The Amazon basin is one of Earth's hotspots of biodiversity. Just how many plants live there has been fiercely debated, with estimates for flowering plants ranging from the tens to hundreds of thousands.

The new study looks at the records of actual plant specimens collected by botanists over centuries of Amazon exploration. These are held in museums and herbariums scattered across the globe.

The team have taken advantage of the digitisation boom and investment by governments in creating lists of the plants of Colombia and Brazil. They have compiled a master list by using databases worldwide and the expertise of botanists who work with Amazonian flora.

An image of the Parkia pendula plant, showing its round red flowers that hang downwards

Parkia pendula is a flowering plant in the pea family, the Leguminosae. This is the largest plant family recorded in the Amazon, with almost 1,400 members. © Mauricio Mercadante licensed under CC BY-NC-ND 2.0 via flickr
 

Counting carefully

While having access to all these records is useful, they must be used with care, cautions Dr Knapp. 'One of the great things about having lots of digital data available is that you can amalgamate and aggregate it very easily. But it's important to verify the data and make sure that nothing is duplicated or has been put in by error.'

The team relied on the work of taxonomic specialists – who are experts in the identification and classification of organisms – to carefully comb through the assembled databases and root out errors.

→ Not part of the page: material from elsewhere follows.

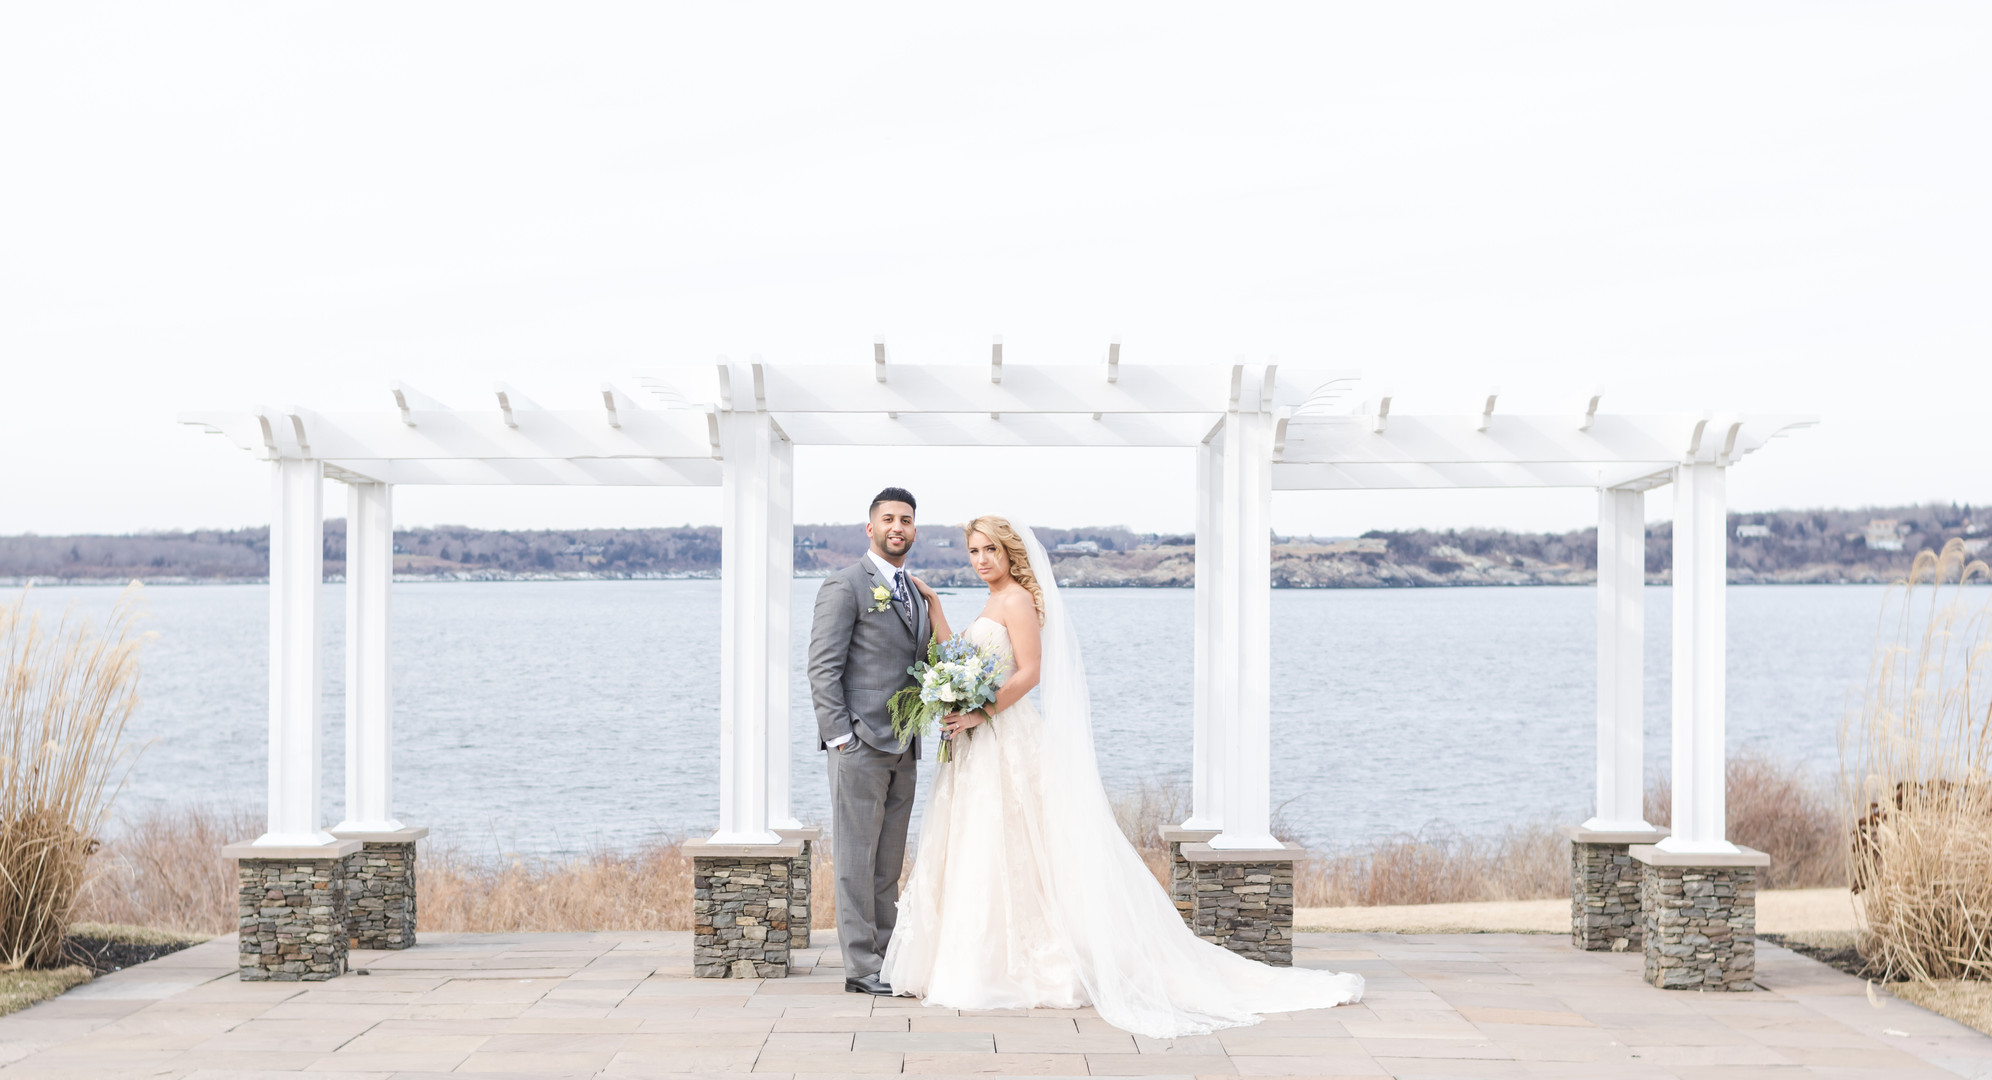 Oceancliff Hotel bride and groom at wedd

'This study highlights the importance of institutions like the Museum which have both extensive collections and taxonomic experts who can study them,' says Dr Knapp. 'They provide the solid base on which to base conservation and sustainable use.'

An image of the rainforest looking at the plant growth in-between the canopy and forest floor, showing plants with large leaves in the dim light conditions

The understory of the rainforest, between the canopy and the forest floor, is dim, hot and humid
 

Continued exploration

Dr Domingos Cardoso of the Federal University in Salvador, Brazil, led the study with Dr Tiina Särkinen of the Royal Botanic Garden, Edinburgh.

'Publication of this list does not mean that the Amazonian flora is completely known,' says Dr Cardoso. 'Many new plant species are discovered each year, both in the field and in museum and herbarium collections – and much of the vast Amazon area still remains poorly or completely unexplored.'

The team's cleaned list will be published open access and made available for others to use in their studies of the Amazon, says Dr Knapp. 'It's important to share as people think of ways to use data that we would never have thought of.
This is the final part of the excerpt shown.